_To do_
Your task is to write out the entire listing exactly, omitting its pictures.

_Information supplied_
Content starts

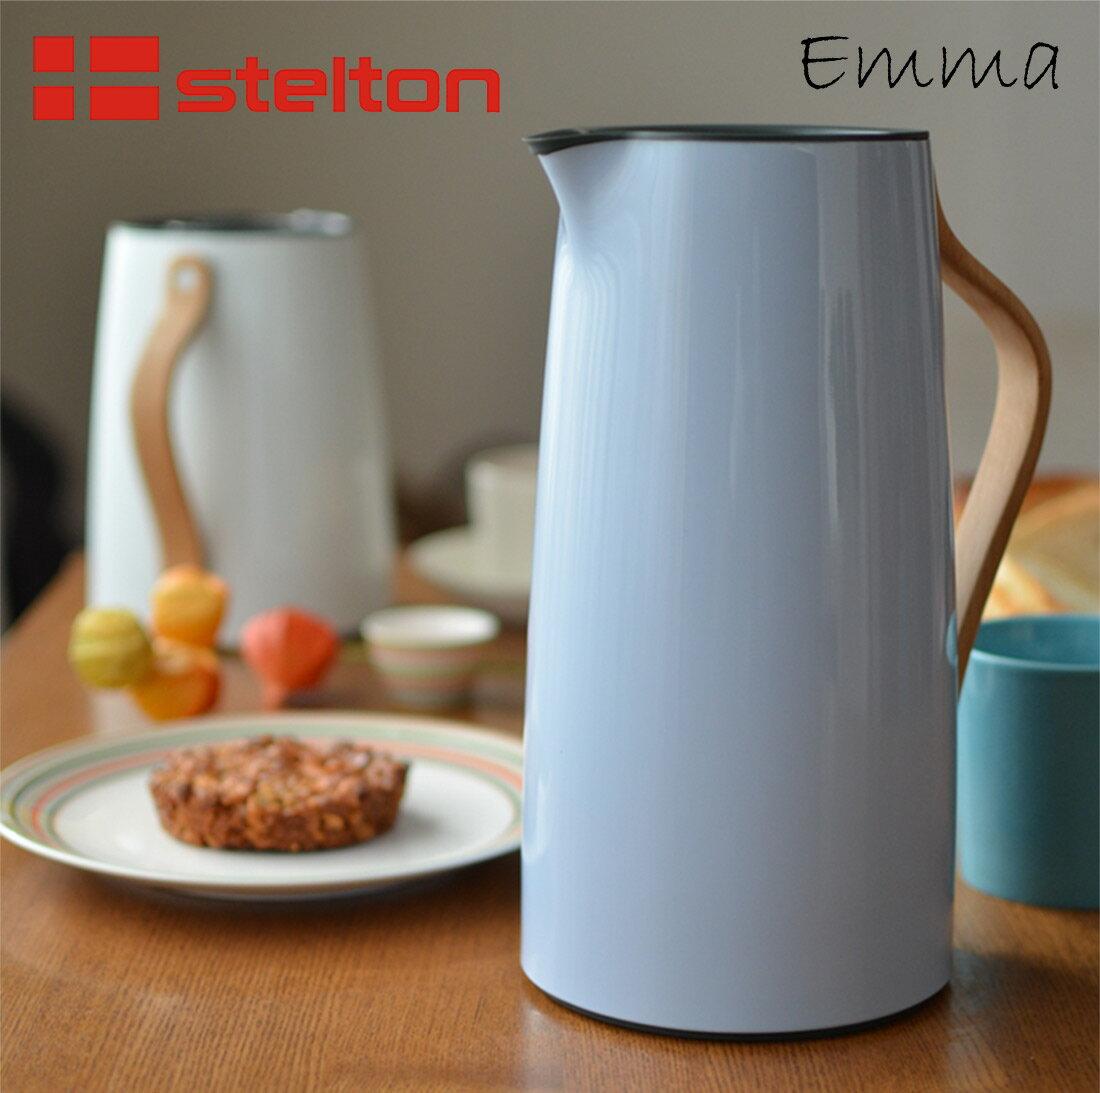 Stelton/ステルトン Emma/エマ バキュームジャグ Tea 1L & Coffee 1.2Lエンマ 魔法瓶 水筒 ジャグ 北欧
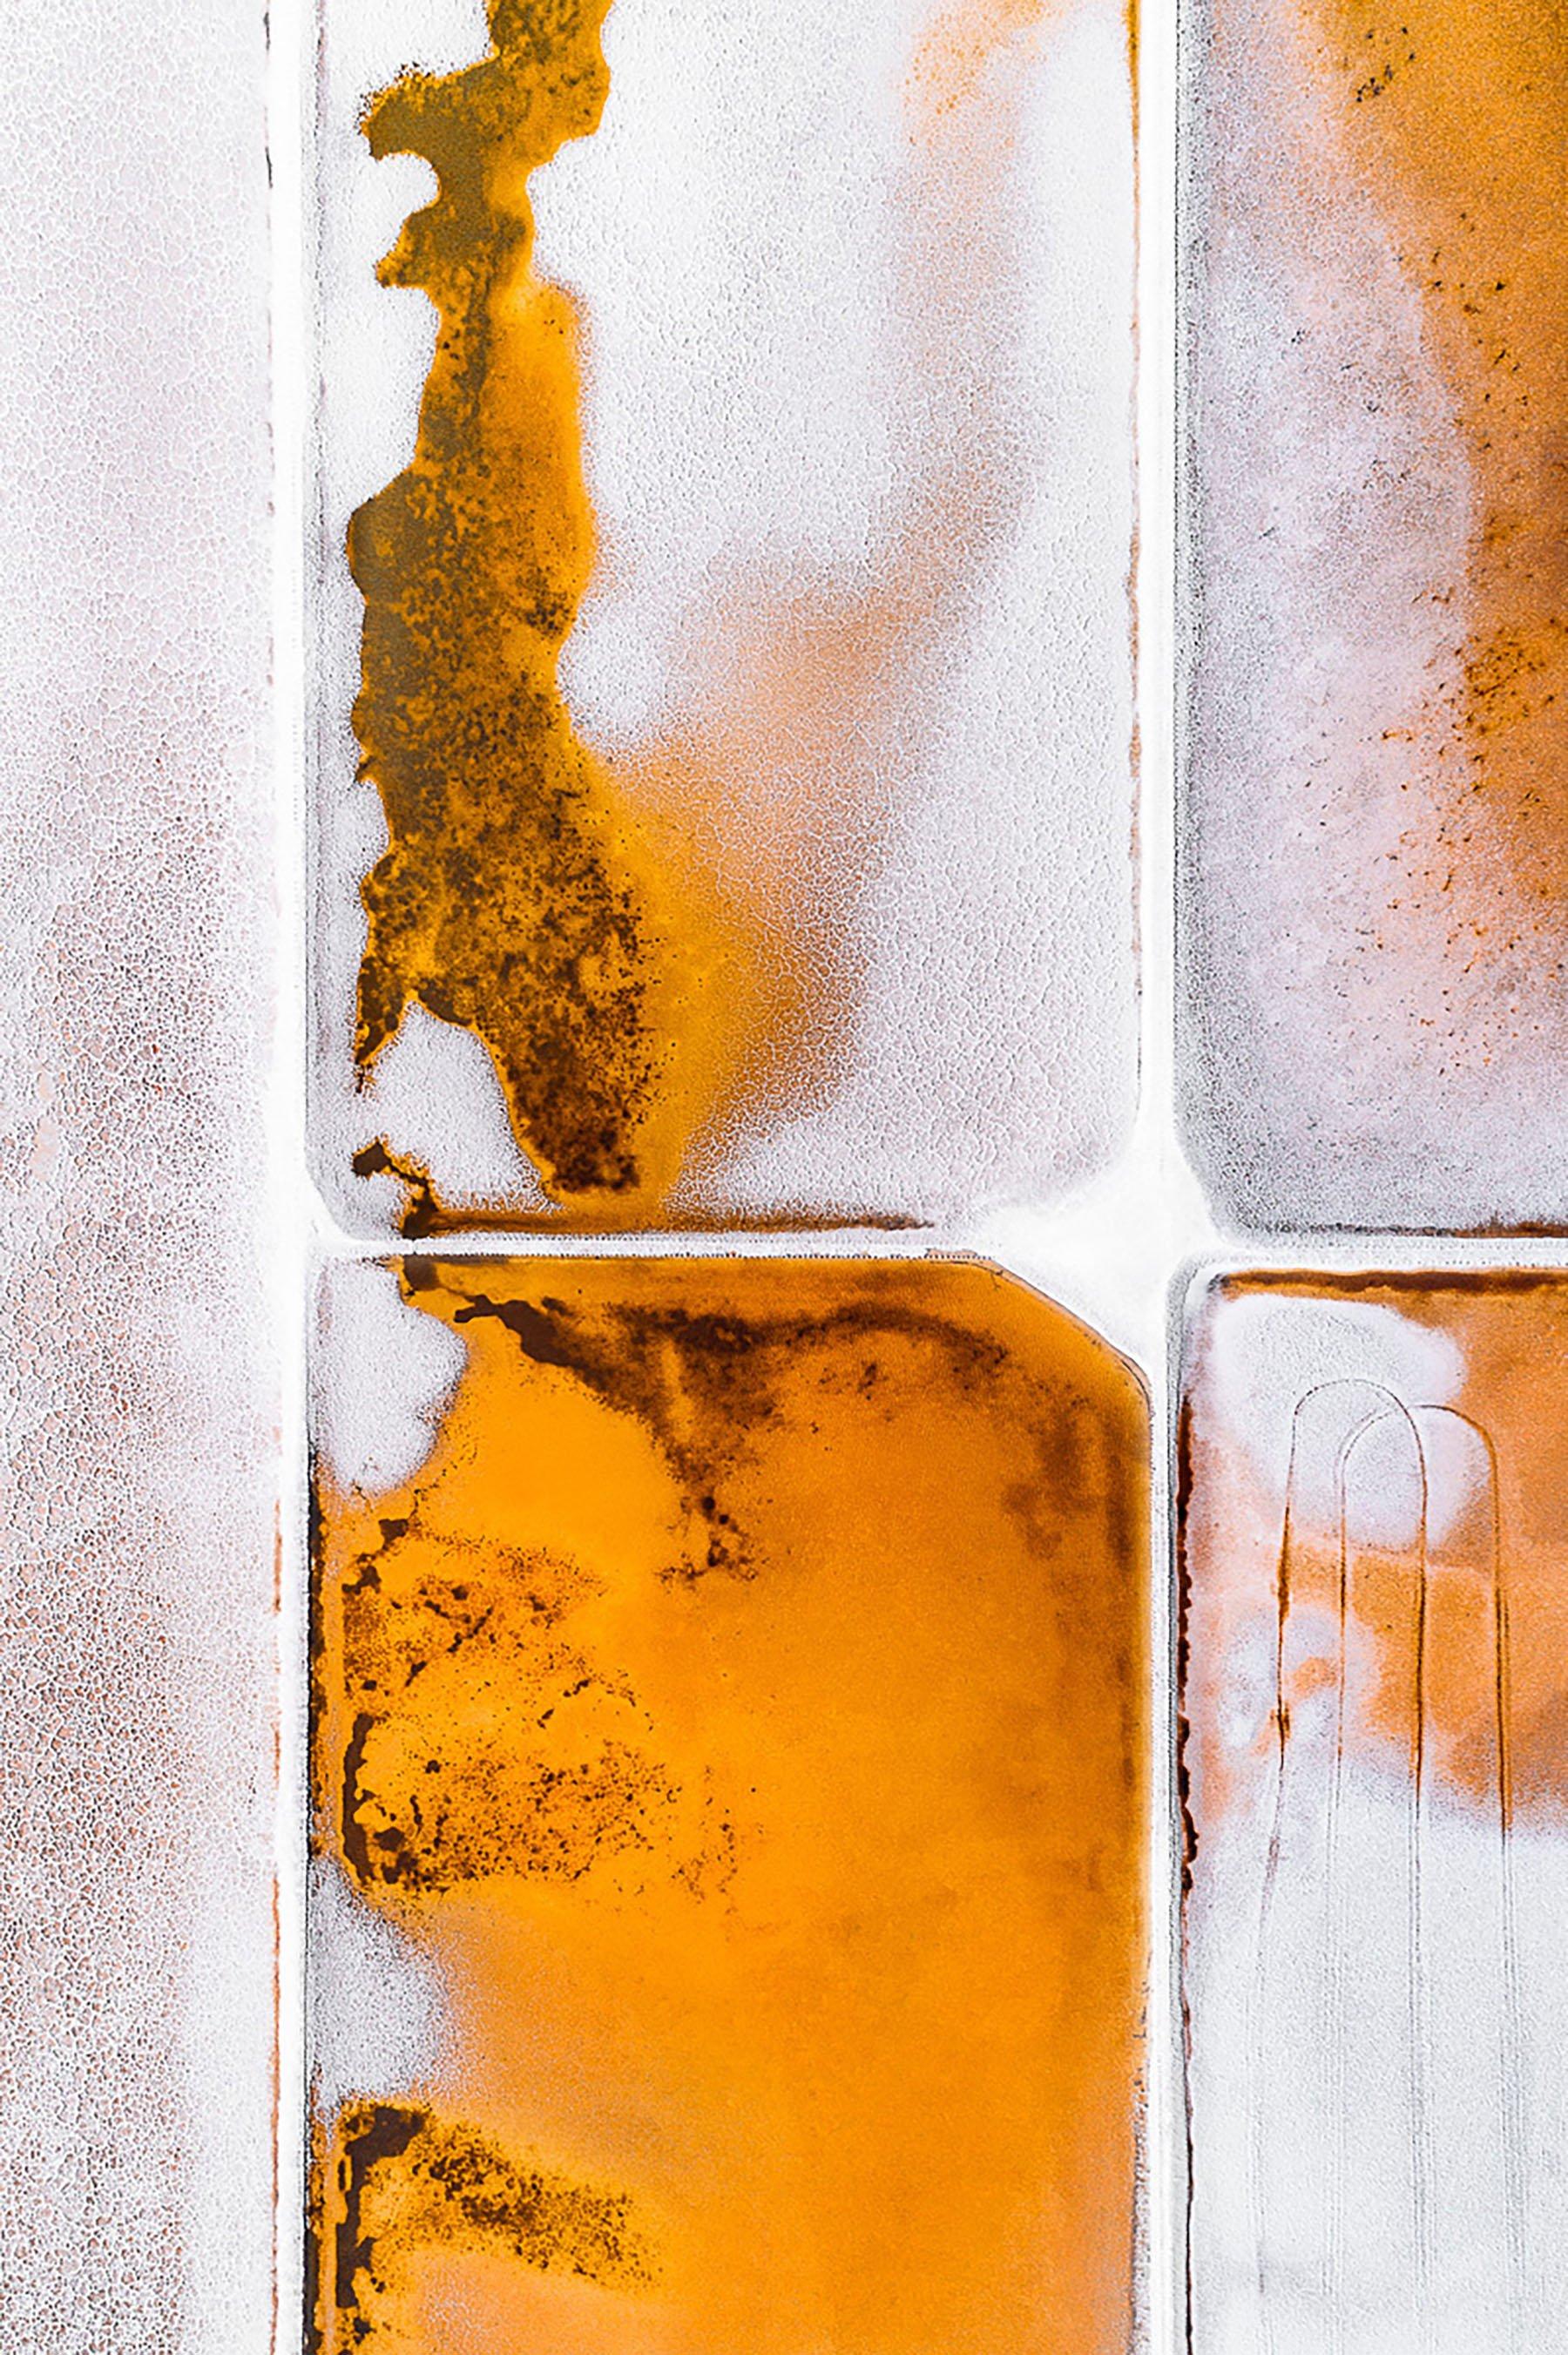 iGNANT-Photography-Tom-Hegen-The-Salt-Series-012
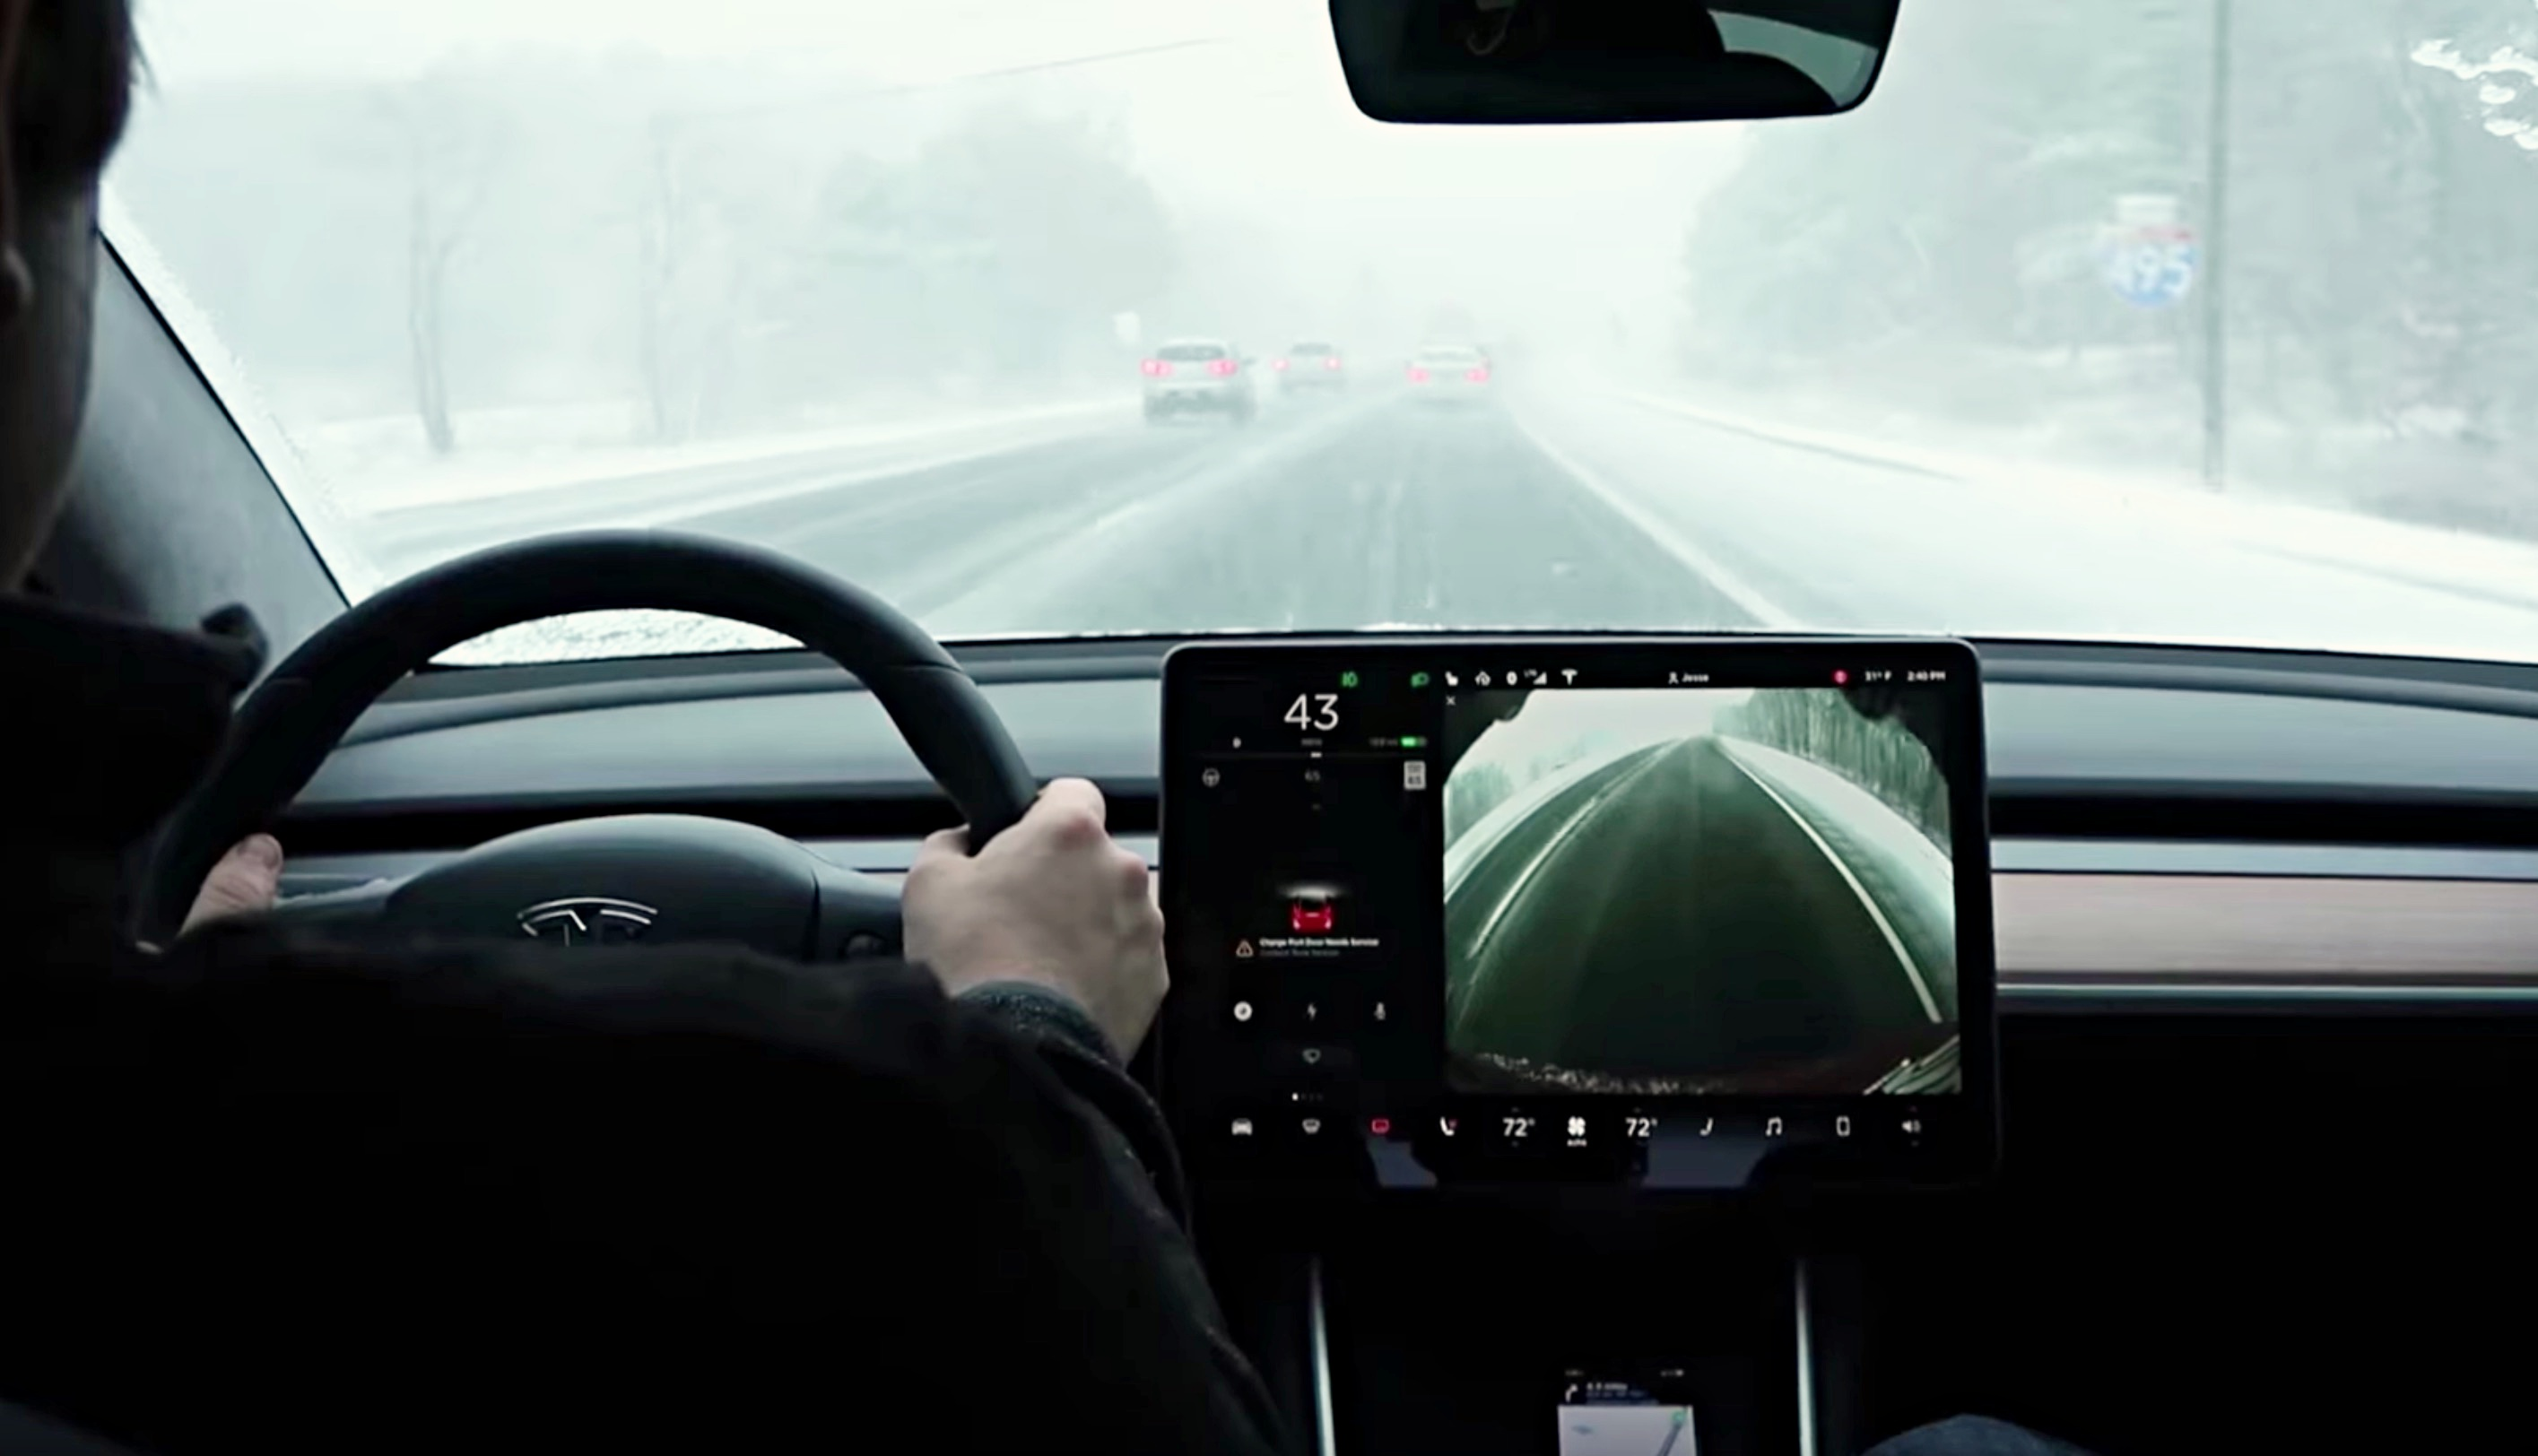 tesla-model-3-touchscreen-snow-winter

Content ends

_Exercise result_
 Stelton/ステルトン Emma/エマ バキュームジャグ Tea 1L & Coffee 1.2Lエンマ 魔法瓶 水筒 ジャグ 北欧
 iGNANT-Photography-Tom-Hegen-The-Salt-Series-012
 tesla-model-3-touchscreen-snow-winter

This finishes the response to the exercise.